Les promoteurs sont arrivés alors, ils étaient gais, pleins de panache : ils avaient gagné un super terrain, juteux à souhait. Le projet était malin, on tirait parti du site historique de l'usine, en gardant la façade industrielle et le corps du bâtiment fondateur. Et on construisait derrière, en place et lieu de l'espace ouvrier, des constructions basses, dotées de bouts de jardin sur lesquels pousseraient des noisetiers, des rosiers sauvages...


Les travaux ont commencé. Au 7bis, rue Médéric, on avait pignon sur les prouesses des bulldozers, on frappait des deux mains presque tant le travail était exécuté "à la pince à épiler".
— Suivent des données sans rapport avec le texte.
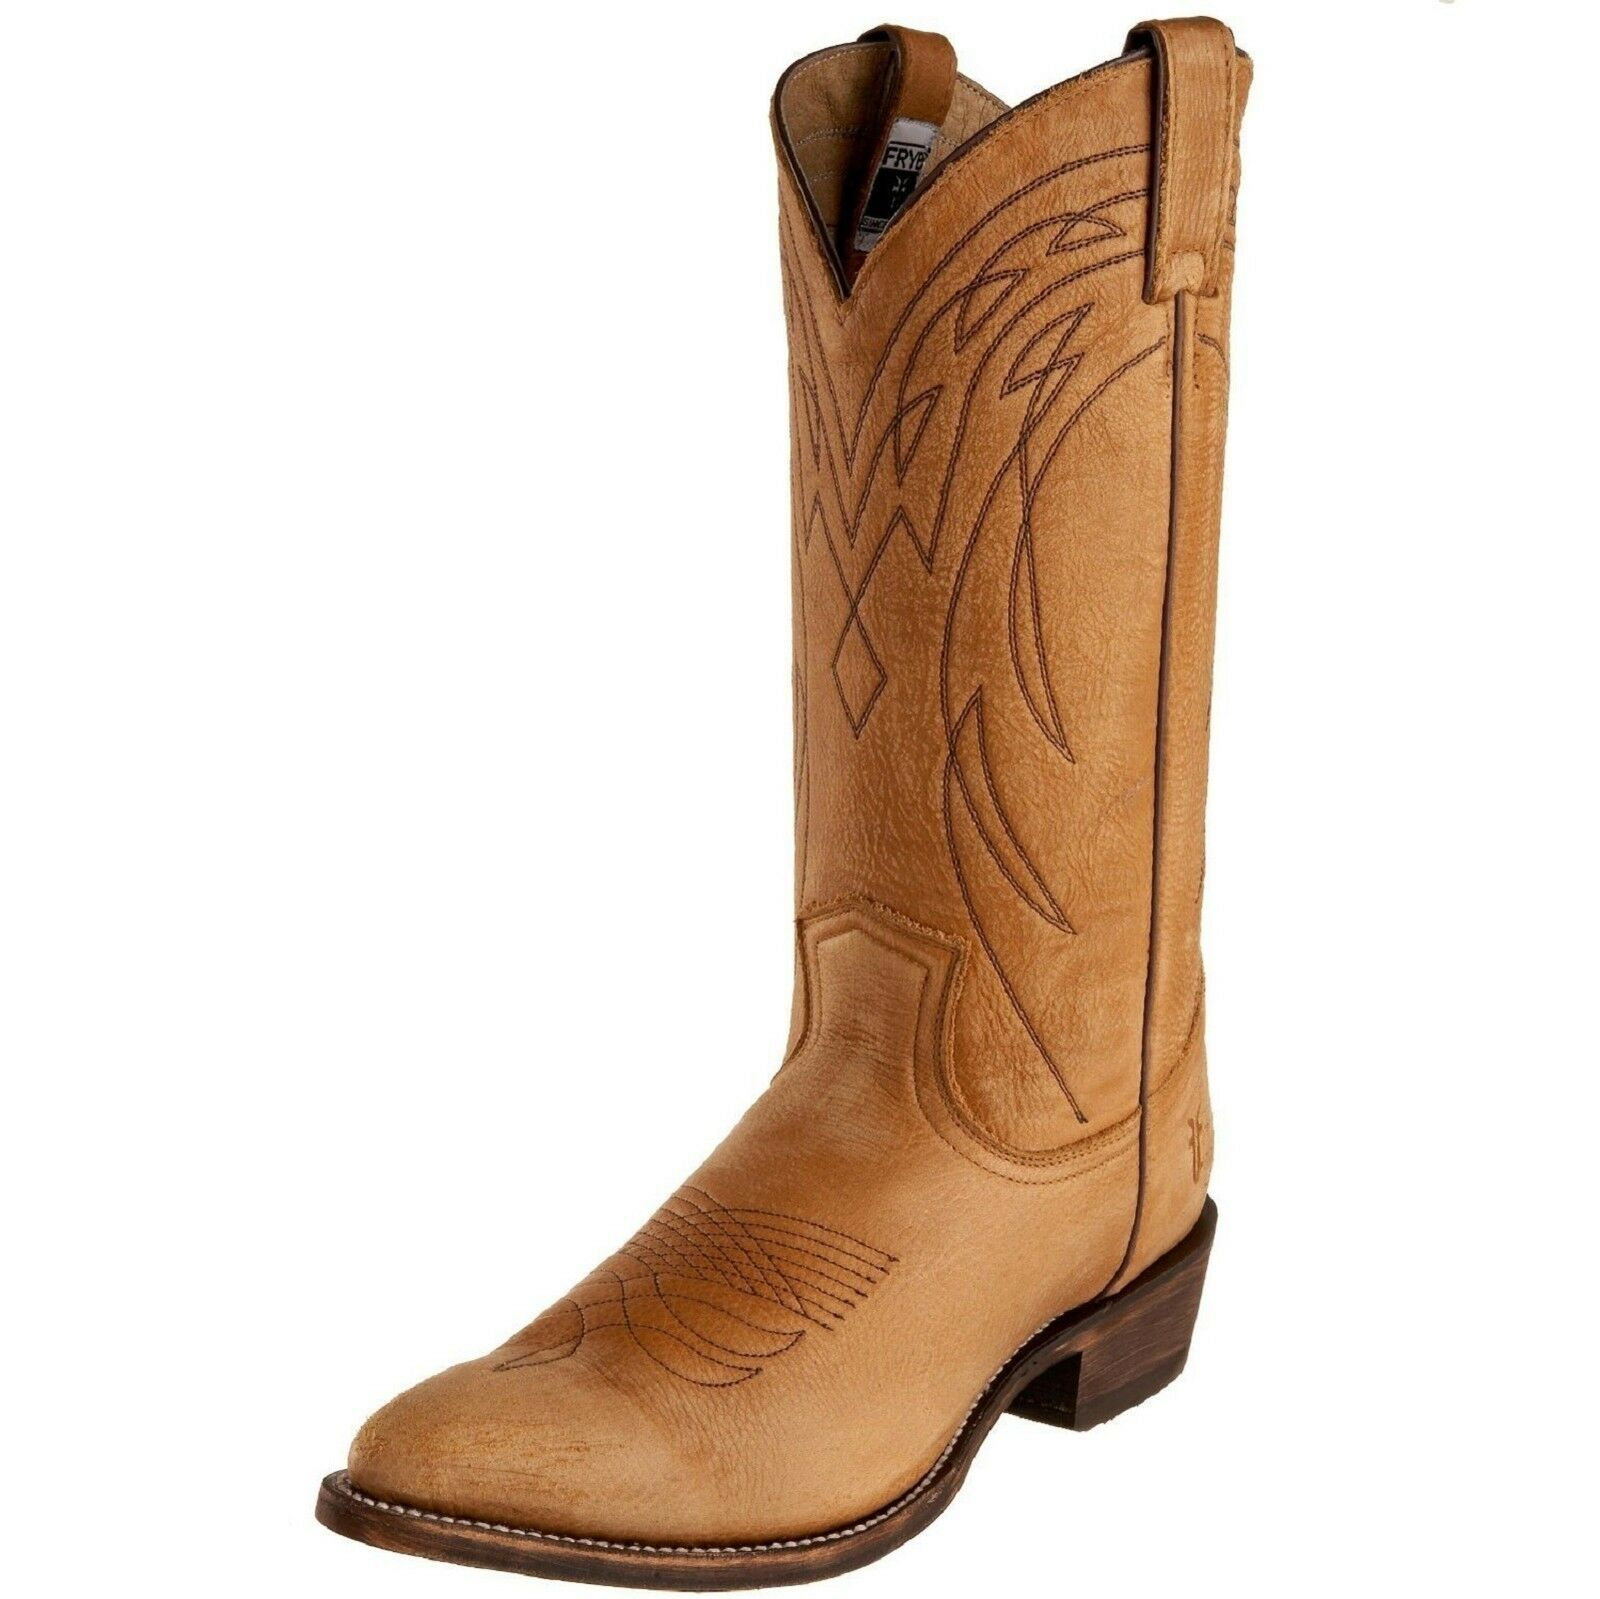 Frye BILLY TALL Cowboy Western Leather Boots  77800 Light Tan 6 Women Knee New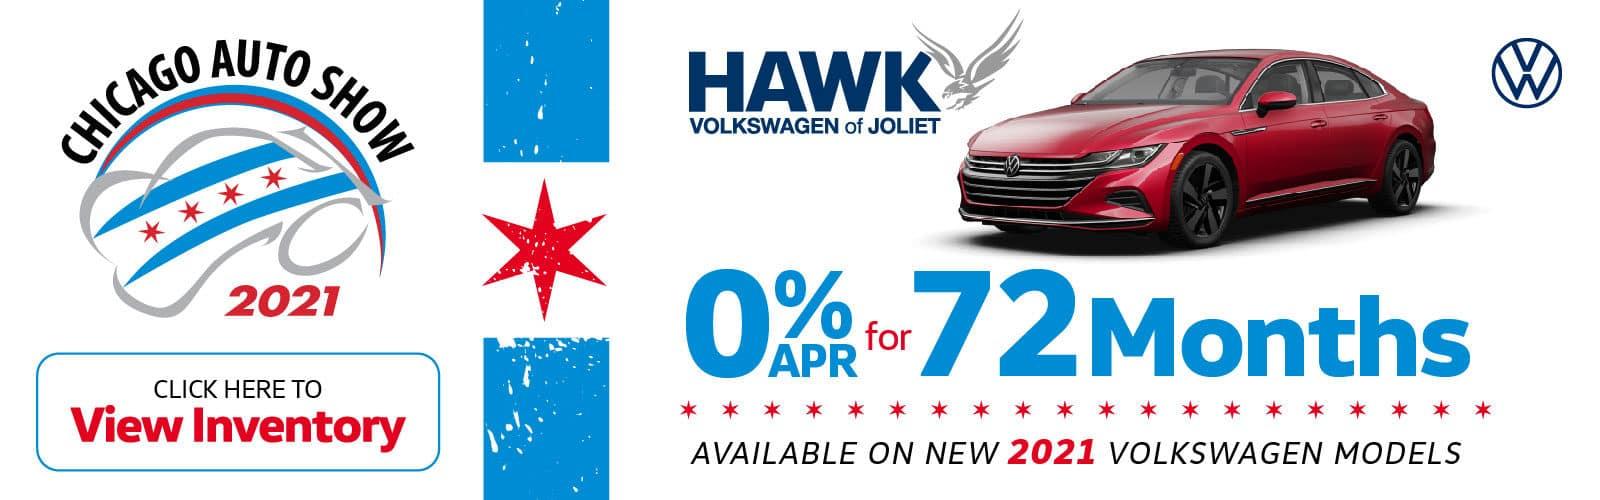 HVWJ070621hero-autoshow-1600x500_incentives

Et puis un de nous, Patrick, de retour de vacances, a remarqué l'empiètement du chantier sur notre voie. Il a écrit aussitôt à notre maire, Philippe Juvin, afin de lui rappeler que l'allée était l'accès pompiers de notre résidence.


25 avril 2014 : les engins barricadés empiètent sur la voie accès pompiers

SUPER ! Les travaux ont été arrêtés immédiatement.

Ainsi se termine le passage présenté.